- Records to use -

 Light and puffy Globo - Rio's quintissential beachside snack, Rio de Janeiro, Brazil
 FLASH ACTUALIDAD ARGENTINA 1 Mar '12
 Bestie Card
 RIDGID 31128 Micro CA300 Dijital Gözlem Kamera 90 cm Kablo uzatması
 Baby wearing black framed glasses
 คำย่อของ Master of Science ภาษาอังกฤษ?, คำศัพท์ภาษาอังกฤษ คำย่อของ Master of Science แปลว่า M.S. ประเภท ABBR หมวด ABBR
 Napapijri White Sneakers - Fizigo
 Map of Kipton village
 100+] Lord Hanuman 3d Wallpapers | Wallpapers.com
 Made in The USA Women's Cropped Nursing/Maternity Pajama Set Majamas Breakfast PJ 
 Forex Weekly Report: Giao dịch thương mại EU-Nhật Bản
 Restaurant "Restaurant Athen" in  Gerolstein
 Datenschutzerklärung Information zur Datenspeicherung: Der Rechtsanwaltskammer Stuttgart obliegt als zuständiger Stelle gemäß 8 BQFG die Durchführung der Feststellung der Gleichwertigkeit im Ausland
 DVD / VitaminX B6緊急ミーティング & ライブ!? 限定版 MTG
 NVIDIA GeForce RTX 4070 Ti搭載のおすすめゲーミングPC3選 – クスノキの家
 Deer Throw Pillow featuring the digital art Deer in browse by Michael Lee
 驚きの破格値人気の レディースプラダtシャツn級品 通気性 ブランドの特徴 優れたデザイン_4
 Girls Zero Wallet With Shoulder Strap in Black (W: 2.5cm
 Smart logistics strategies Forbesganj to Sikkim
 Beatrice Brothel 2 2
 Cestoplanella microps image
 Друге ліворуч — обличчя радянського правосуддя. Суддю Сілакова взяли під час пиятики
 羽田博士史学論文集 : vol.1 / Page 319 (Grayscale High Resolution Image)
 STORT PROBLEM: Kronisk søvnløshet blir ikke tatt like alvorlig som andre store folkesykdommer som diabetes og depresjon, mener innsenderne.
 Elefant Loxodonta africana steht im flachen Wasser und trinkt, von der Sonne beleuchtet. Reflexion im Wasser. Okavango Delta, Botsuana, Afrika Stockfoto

- Exercise directions -
In this exercise, repeat all entries exactly.

- Exercise solution -
 Light and puffy Globo - Rio's quintissential beachside snack, Rio de Janeiro, Brazil
 FLASH ACTUALIDAD ARGENTINA 1 Mar '12
 Bestie Card
 RIDGID 31128 Micro CA300 Dijital Gözlem Kamera 90 cm Kablo uzatması
 Baby wearing black framed glasses
 คำย่อของ Master of Science ภาษาอังกฤษ?, คำศัพท์ภาษาอังกฤษ คำย่อของ Master of Science แปลว่า M.S. ประเภท ABBR หมวด ABBR
 Napapijri White Sneakers - Fizigo
 Map of Kipton village
 100+] Lord Hanuman 3d Wallpapers | Wallpapers.com
 Made in The USA Women's Cropped Nursing/Maternity Pajama Set Majamas Breakfast PJ 
 Forex Weekly Report: Giao dịch thương mại EU-Nhật Bản
 Restaurant "Restaurant Athen" in  Gerolstein
 Datenschutzerklärung Information zur Datenspeicherung: Der Rechtsanwaltskammer Stuttgart obliegt als zuständiger Stelle gemäß 8 BQFG die Durchführung der Feststellung der Gleichwertigkeit im Ausland
 DVD / VitaminX B6緊急ミーティング & ライブ!? 限定版 MTG
 NVIDIA GeForce RTX 4070 Ti搭載のおすすめゲーミングPC3選 – クスノキの家
 Deer Throw Pillow featuring the digital art Deer in browse by Michael Lee
 驚きの破格値人気の レディースプラダtシャツn級品 通気性 ブランドの特徴 優れたデザイン_4
 Girls Zero Wallet With Shoulder Strap in Black (W: 2.5cm
 Smart logistics strategies Forbesganj to Sikkim
 Beatrice Brothel 2 2
 Cestoplanella microps image
 Друге ліворуч — обличчя радянського правосуддя. Суддю Сілакова взяли під час пиятики
 羽田博士史学論文集 : vol.1 / Page 319 (Grayscale High Resolution Image)
 STORT PROBLEM: Kronisk søvnløshet blir ikke tatt like alvorlig som andre store folkesykdommer som diabetes og depresjon, mener innsenderne.
 Elefant Loxodonta africana steht im flachen Wasser und trinkt, von der Sonne beleuchtet. Reflexion im Wasser. Okavango Delta, Botsuana, Afrika Stockfoto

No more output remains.